▸ Data for analysis:
::::::::::
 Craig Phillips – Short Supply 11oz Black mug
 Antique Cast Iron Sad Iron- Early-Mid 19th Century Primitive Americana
::::::::::
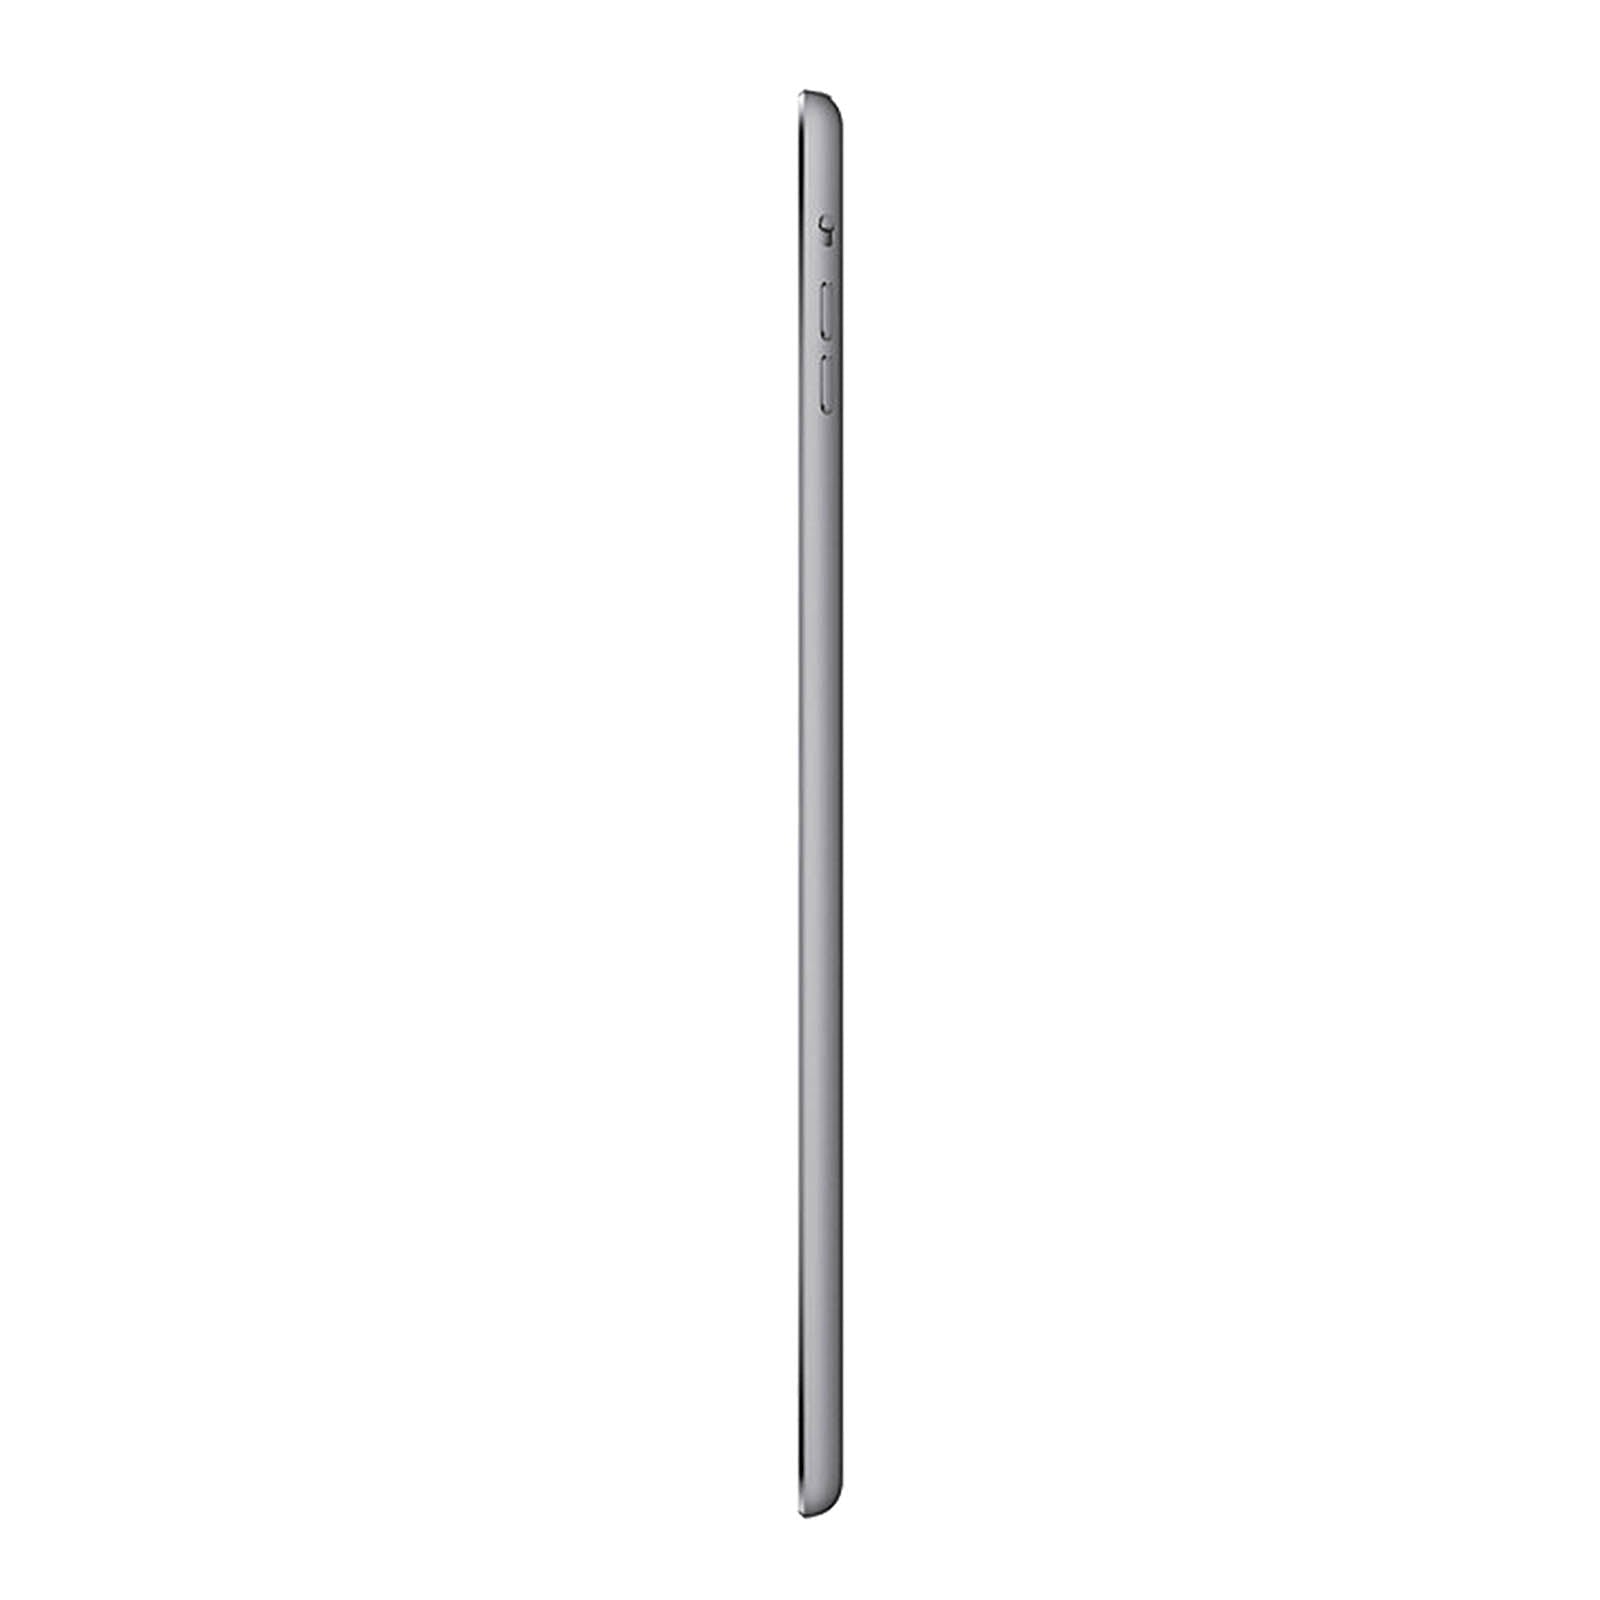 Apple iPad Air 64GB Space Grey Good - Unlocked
::::::::::
▸ Directions: Write out exactly the lines that fall from the line with "Craig Phillips – Short Supply 11oz Black mug" to the line with "Antique Cast Iron" in the records above, keeping both ends.

▸ Result:
 Craig Phillips – Short Supply 11oz Black mug
 Antique Cast Iron Sad Iron- Early-Mid 19th Century Primitive Americana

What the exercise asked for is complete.